Le mobile du crime de Julien Labrie est si illogique et irrationnel que cela ne peut être l'oeuvre d'un esprit sain, mais bien d'un esprit perturbé par une psychose.

C'est du moins ce qu'a conclu la psychiatre Marie-Frédérique Allard, qui a témoigné hier à la demande de la défense au procès du jeune homme de 23 ans, accusé du meurtre non prémédité d'un sans-abri.

Éric Tremblay, âgé de 43 ans, dormait sur un banc du square Viger lorsqu'il a été égorgé, le 26 juin 2009. Labrie, originaire de Sept-Îles, était alors en vacances avec ses parents à Montréal. Il admet avoir tué l'homme, mais il prétend qu'il était alors dans un état de délire qui l'empêchait de distinguer le bien du mal. Au lendemain du crime, après six heures d'interrogatoire, Labrie a indiqué qu'il avait tué un inconnu pour séduire les filles qui préfèrent les mauvais garçons.

Lorsque la psychiatre a rencontré le jeune homme pour la première fois, elle a conclu qu'il avait commis le meurtre lors d'un épisode de psychose provoquée par sa consommation de drogue. Elle ne lui a pas diagnostiqué de maladie mentale. Dans le rapport qui a été remis aux jurés, elle ne parle d'ailleurs que de psychose toxique.

Or, la semaine dernière, la psychiatre a rencontré de nouveau Julien Labrie alors qu'il s'apprêtait à témoigner. Il lui a dit qu'il avait eu des hallucinations récemment, en prison. Il a dit qu'il voyait «des couleurs» et que les autres détenus se lançaient «des sorts» qu'il arrivait à détourner. Selon elle, il est clair que le jeune homme est toujours malade, c'est pourquoi elle a modifié ses conclusions.

Aux yeux de la Dre Allard, Julien Labrie souffre maintenant de schizophrénie. «Il arrive qu'on voie un jeune à qui on diagnostique une psychose toxique, puis ça perdure.
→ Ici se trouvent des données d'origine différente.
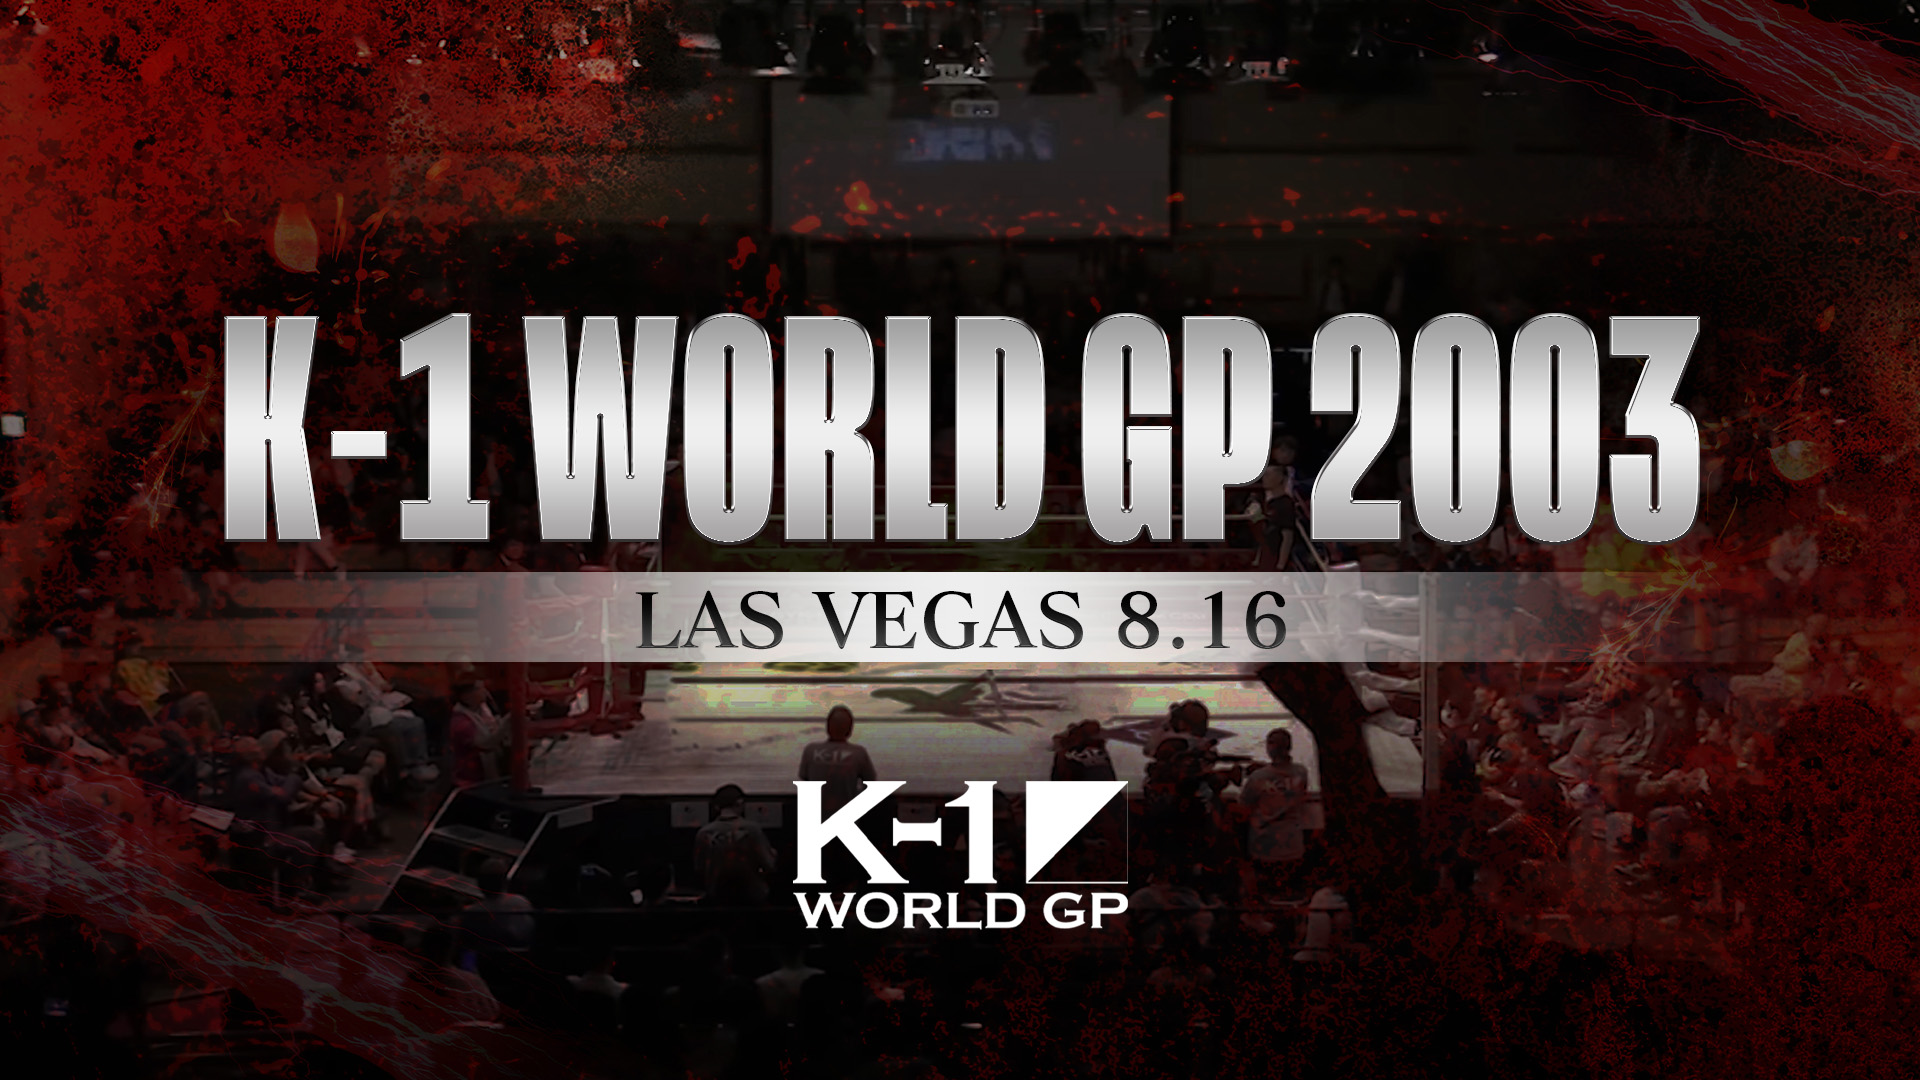 K-1 World GP 2003 Las Vegas 8.16(格闘技 / 2003) - 動画配信 | U-NEXT 31日間無料トライアル

On en arrive alors à poser un diagnostic de schizophrénie», a-t-elle expliqué aux jurés.

Le jeune homme est plus fragile que d'autres parce que son père s'est suicidé, a-t-elle dit. La génétique, a-t-elle rappelé, joue beaucoup dans les questions de santé mentale. De plus, il a depuis son jeune âge un déficit d'attention qui le prédispose à d'autres troubles, a-t-elle ajouté.

La pensée de Labrie est «désorganisée» par moments, selon la psychiatre. «Je ne peux pas vous dire ce qui s'est passé dans la tête de M. Labrie. Je ne pense pas que lui non plus puisse vous le dire.»
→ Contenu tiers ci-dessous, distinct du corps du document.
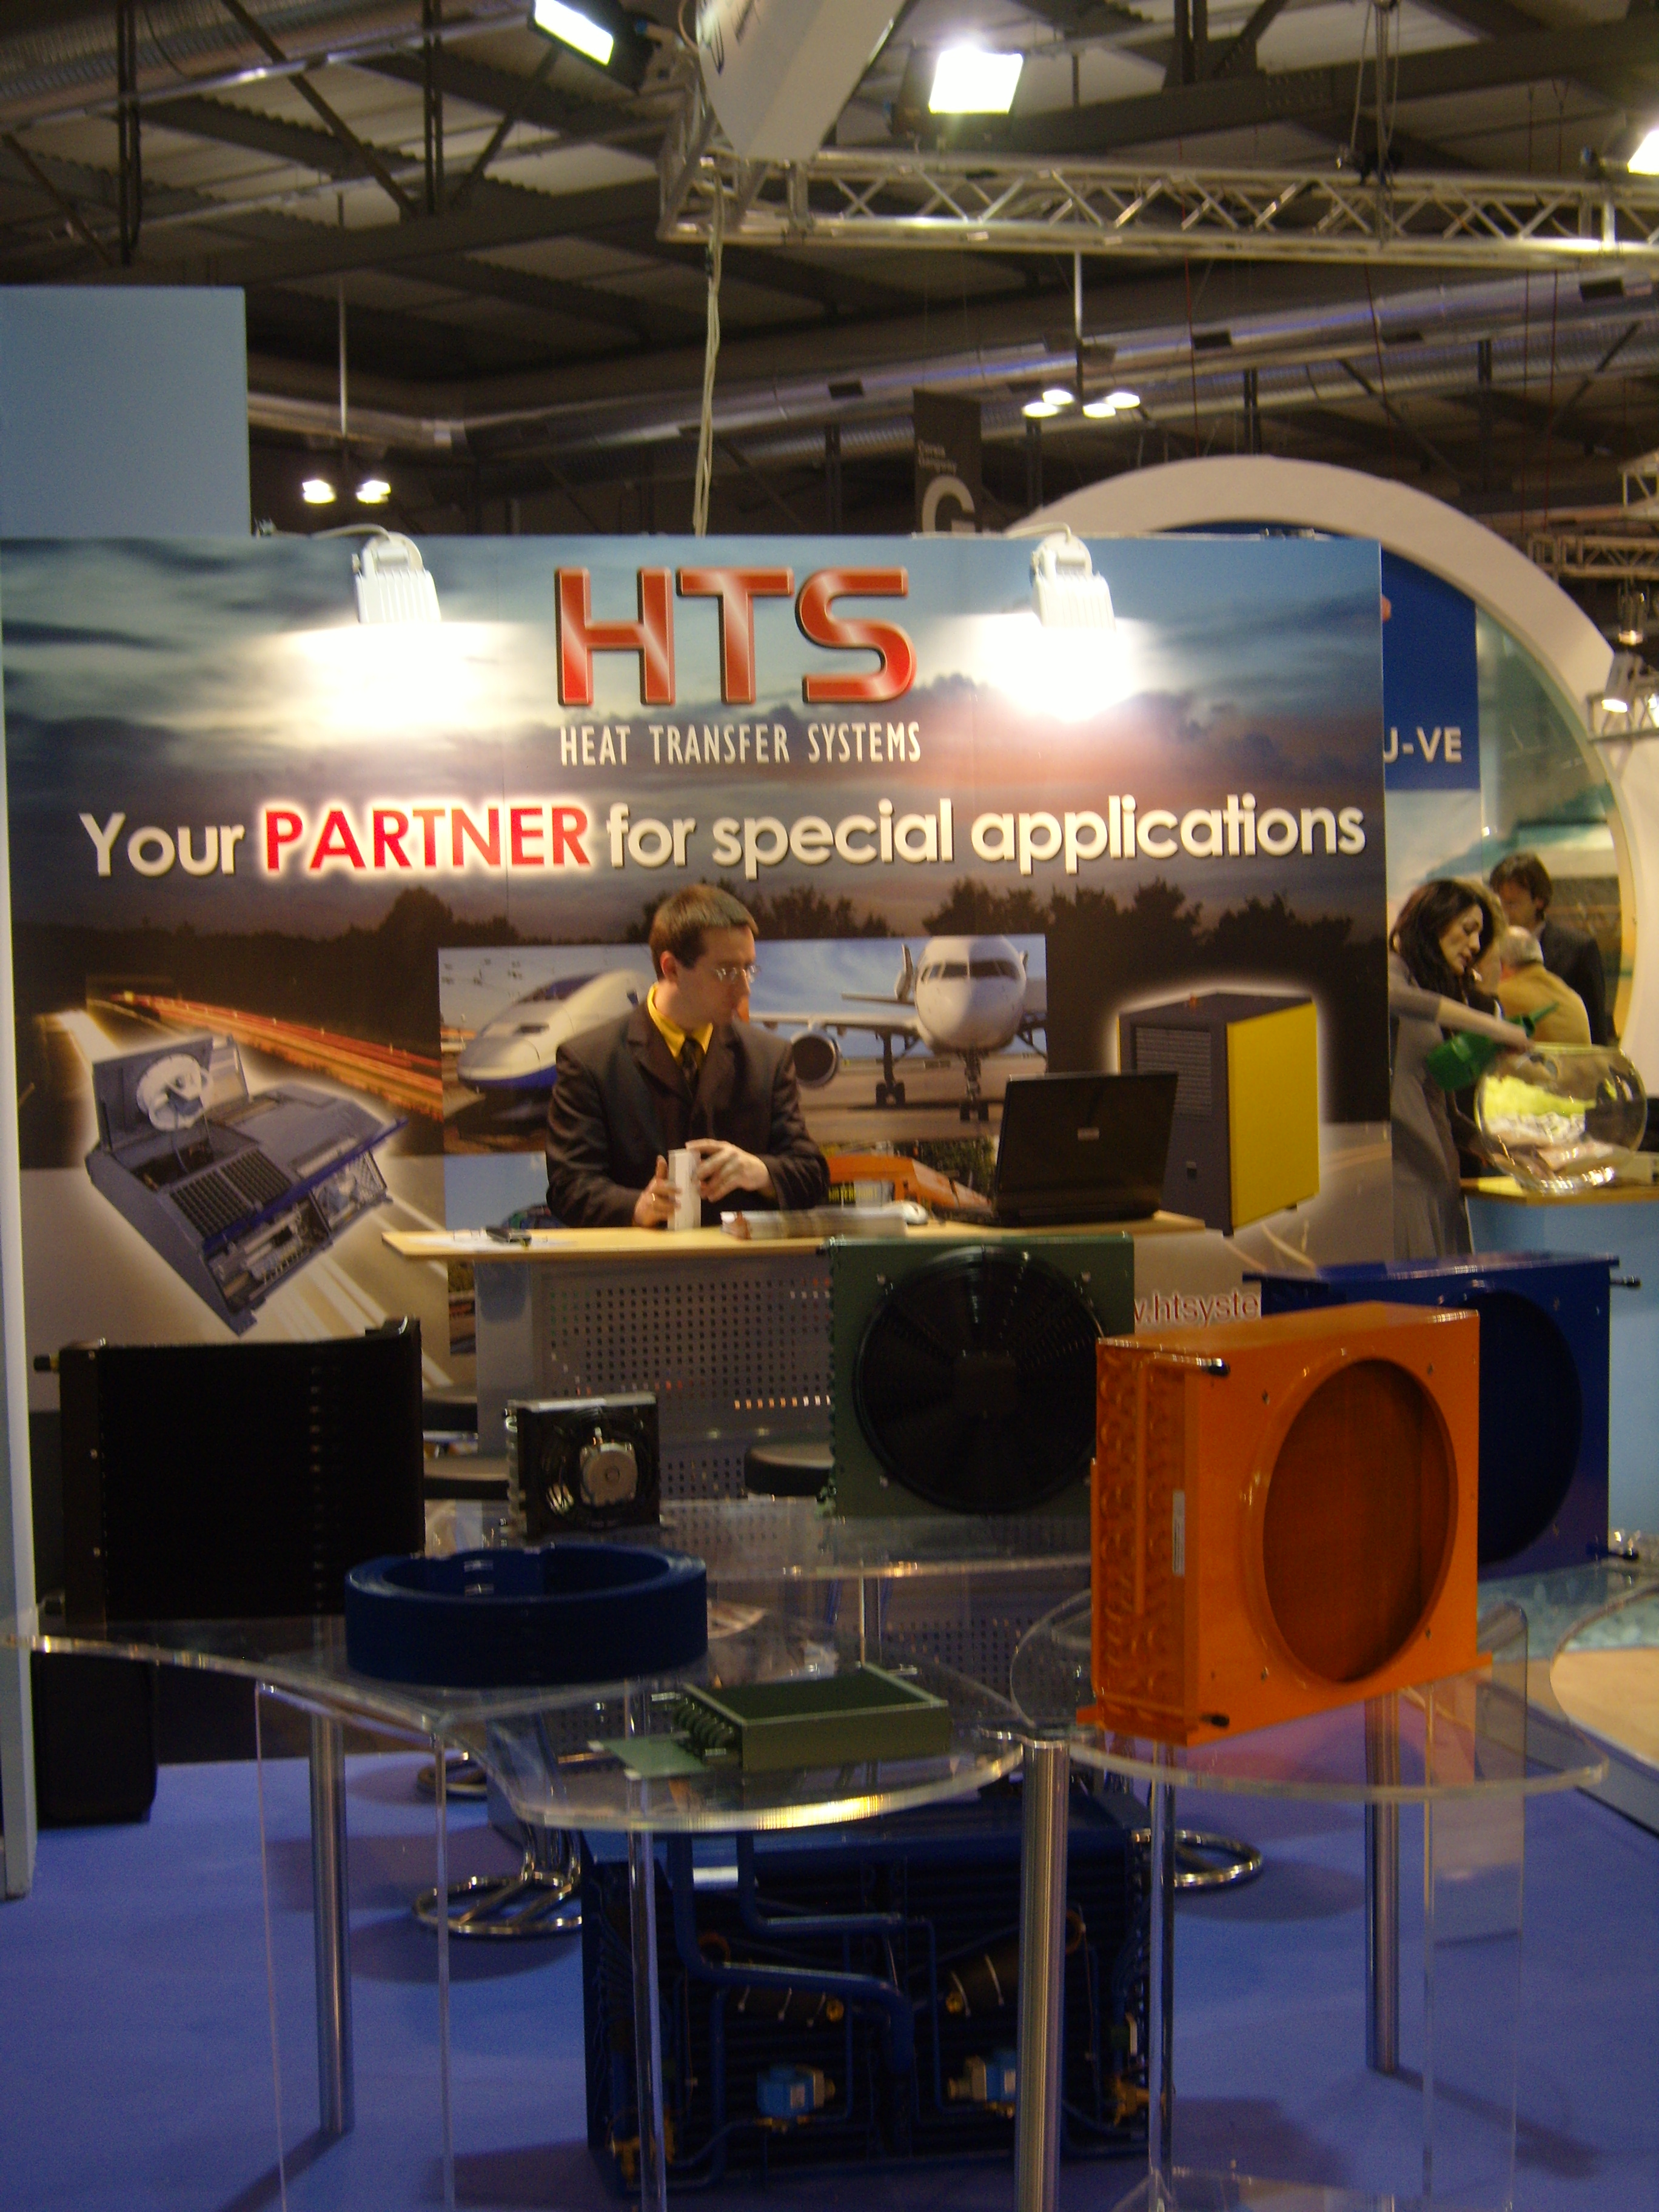 HTS - Heat Transfer Systems

«Pour conclure à la schizophrénie, il faut croire que M. Labrie n'ait pas inventé ce qu'il vous a dit», a dit le procureur de la Couronne, Thierry Nadon, à la Dre Allard lors de son contre-interrogatoire. «Ce n'est pas à moi de juger de la crédibilité de monsieur. Ce sera au jury», a répondu la psychiatre.